> [EXERCISE INSTRUCTIONS]: In the records below, reproduce exactly the lines from the one containing "N°160 Plastique 143" through the one containing "2017 Muslim Wedding", both included, and omit the pictures.
##### DATA RECORDS
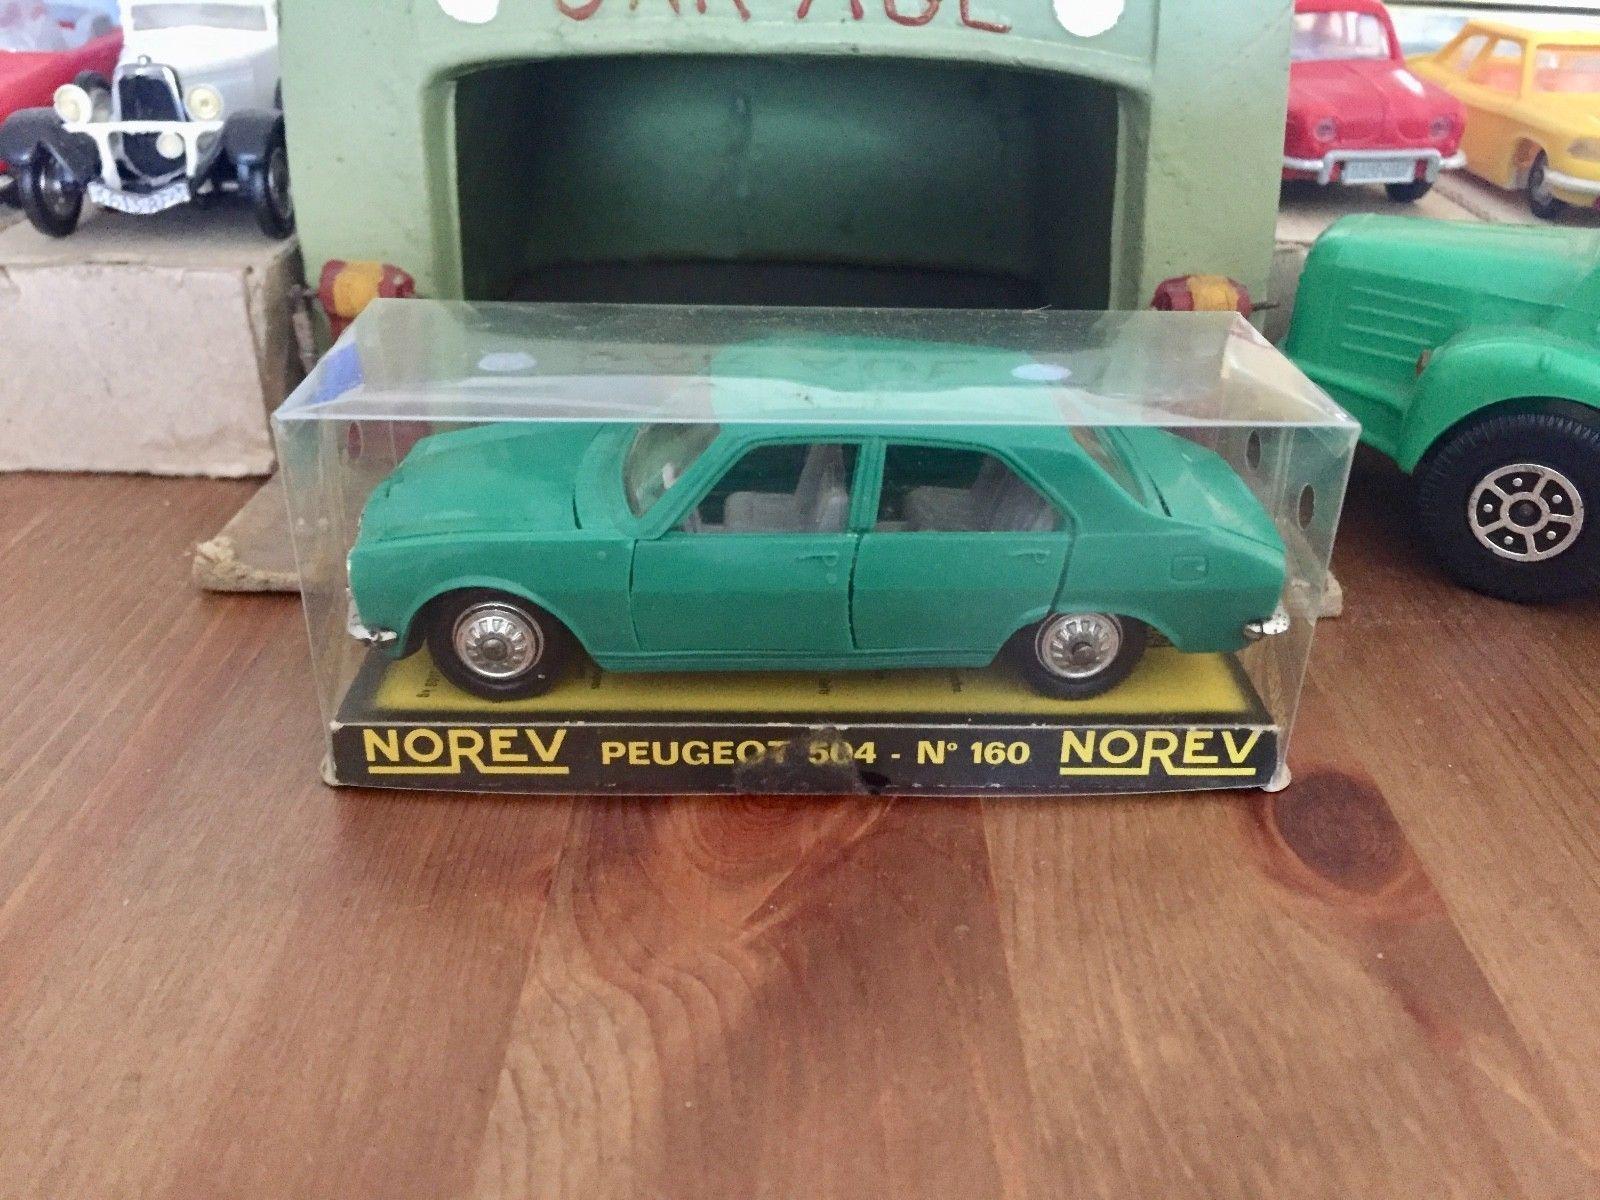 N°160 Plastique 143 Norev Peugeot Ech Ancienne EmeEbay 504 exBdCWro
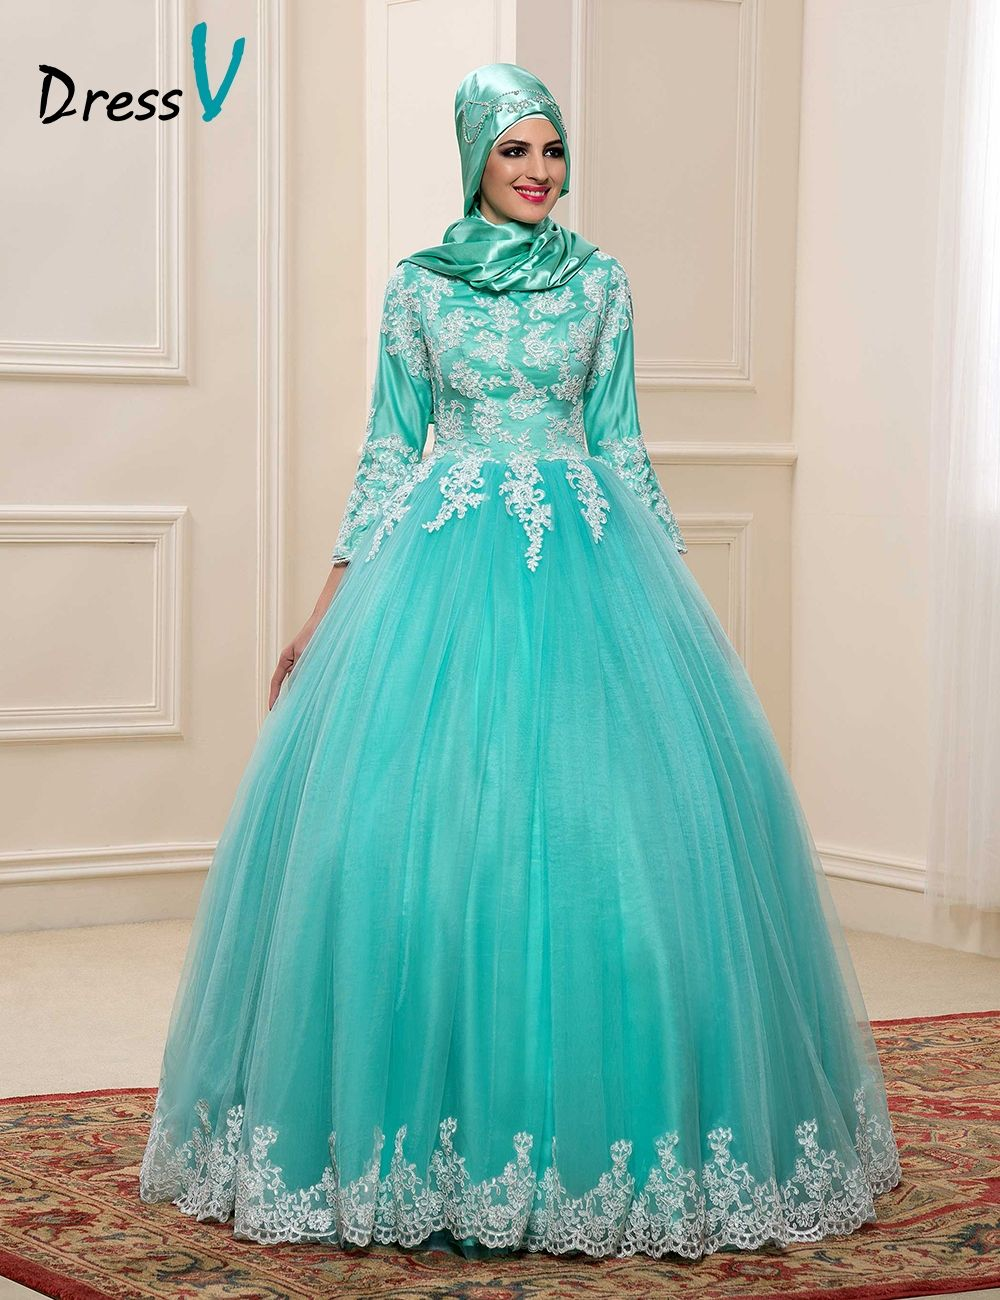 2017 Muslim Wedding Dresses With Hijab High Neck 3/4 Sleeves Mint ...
##########
##### DATA RECORDS
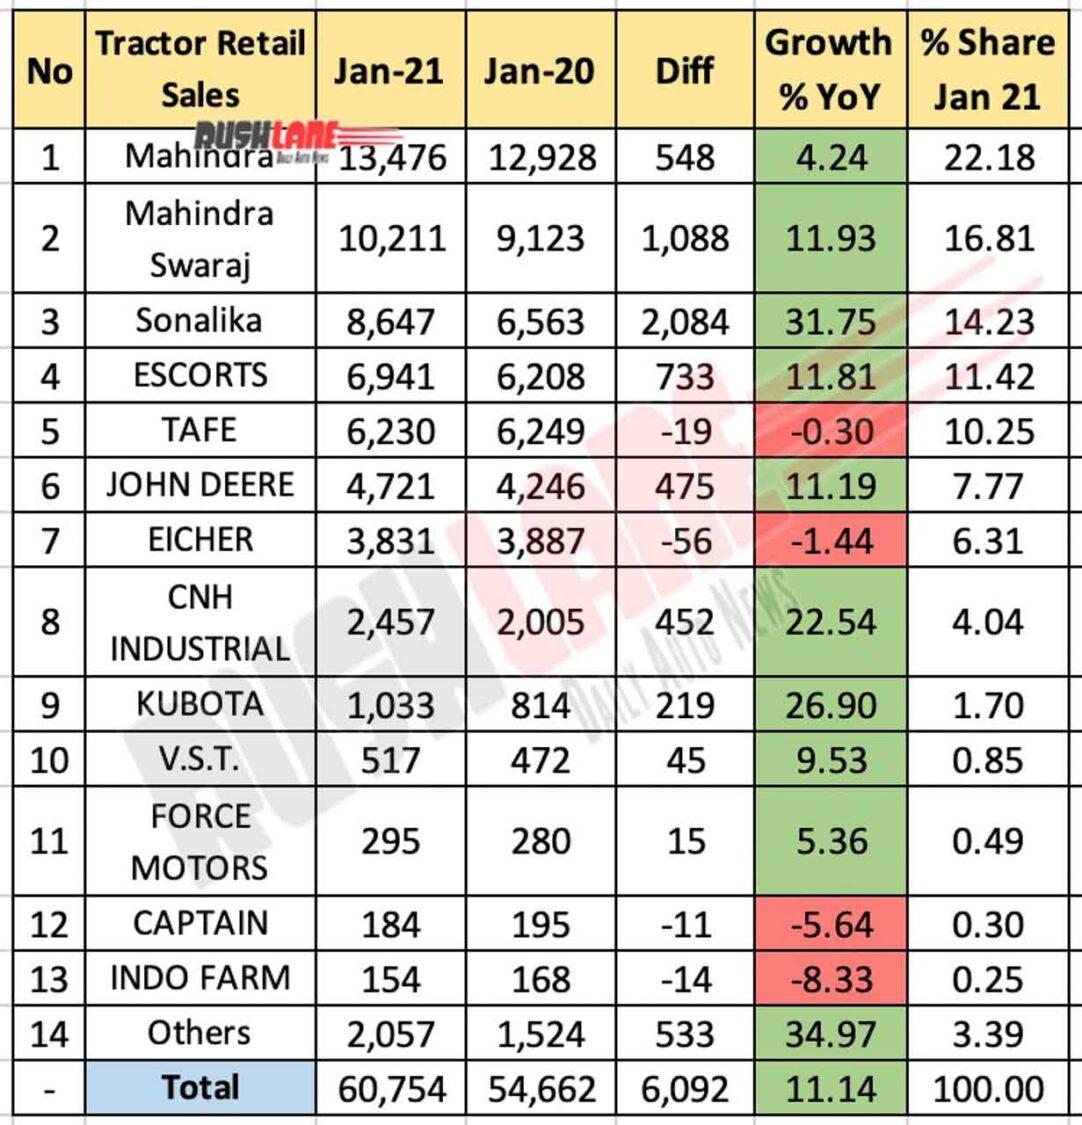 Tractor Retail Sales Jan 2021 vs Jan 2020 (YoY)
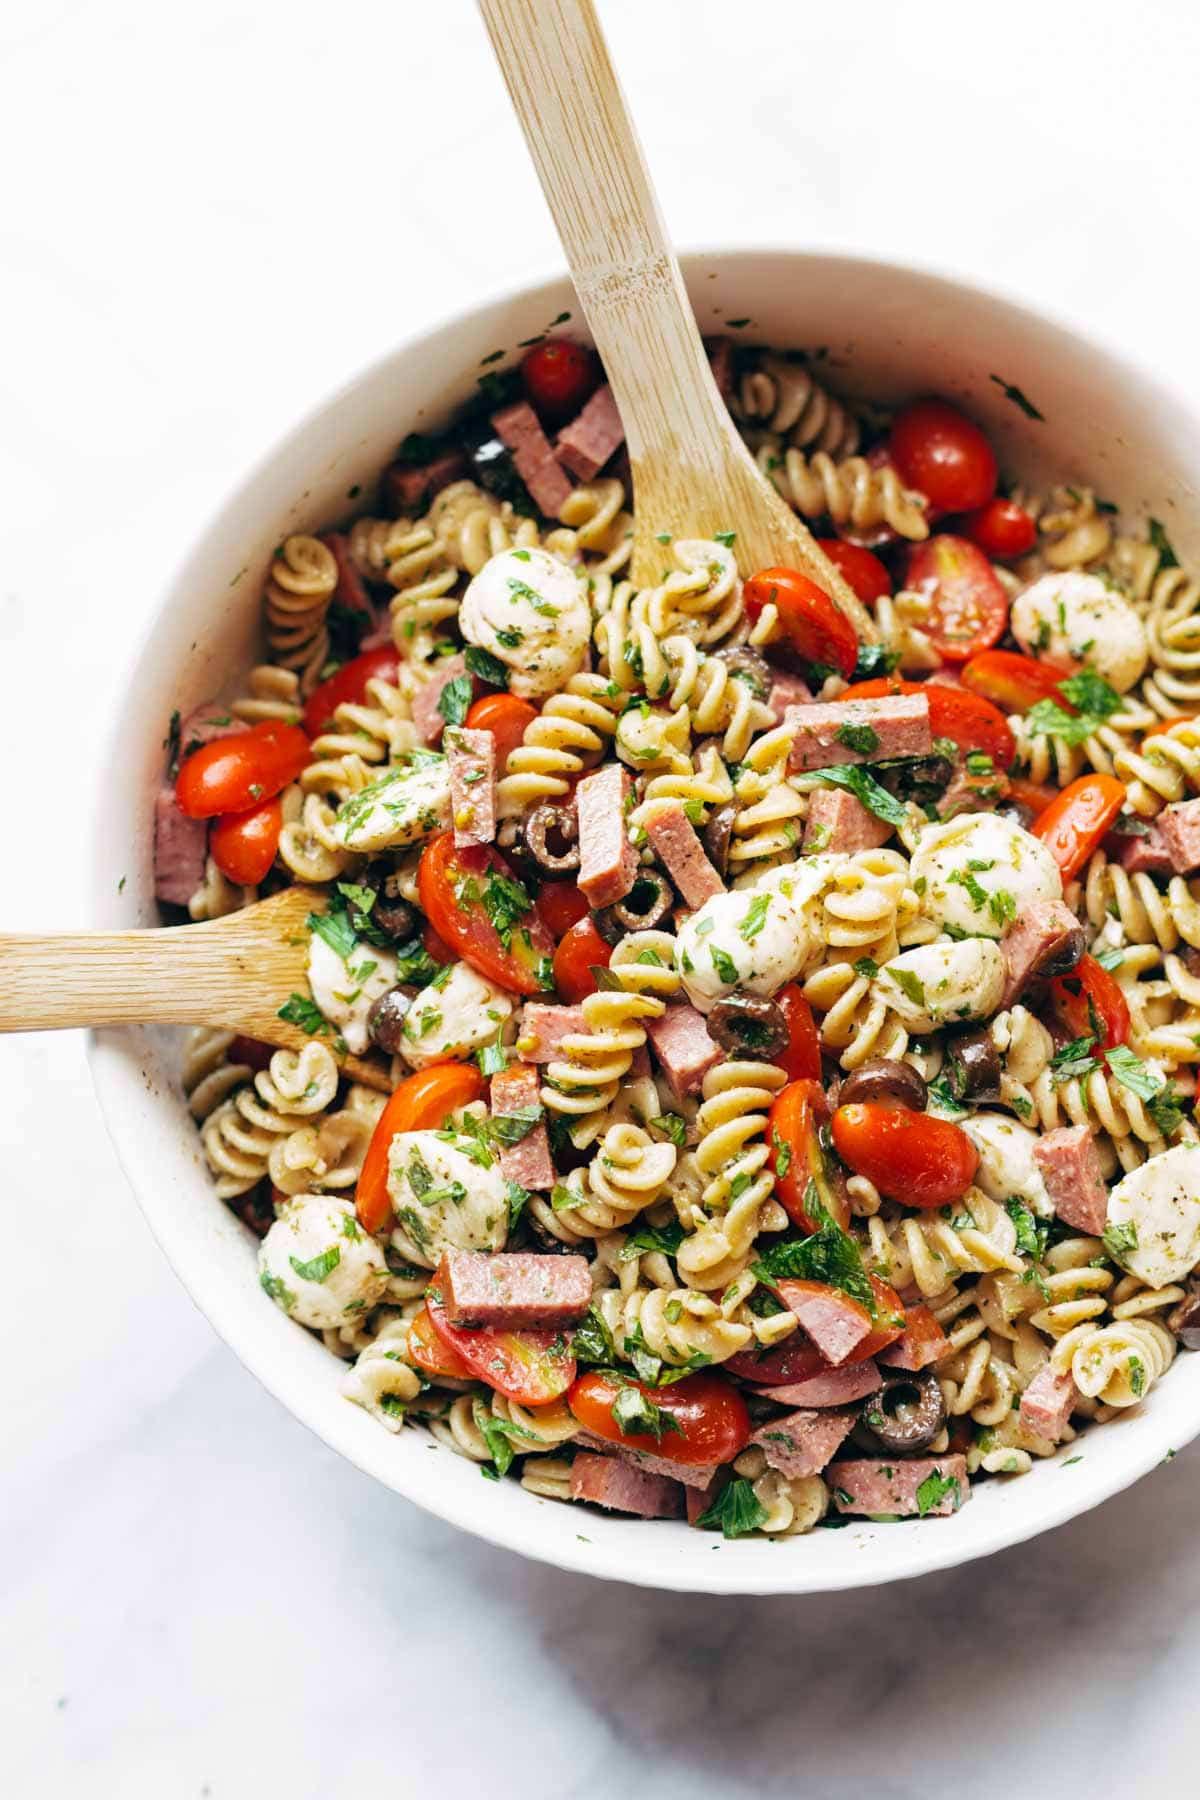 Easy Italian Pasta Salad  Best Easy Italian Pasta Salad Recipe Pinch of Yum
##########
> [SOLVED PROBLEM]:
 N°160 Plastique 143 Norev Peugeot Ech Ancienne EmeEbay 504 exBdCWro
 2017 Muslim Wedding Dresses With Hijab High Neck 3/4 Sleeves Mint ...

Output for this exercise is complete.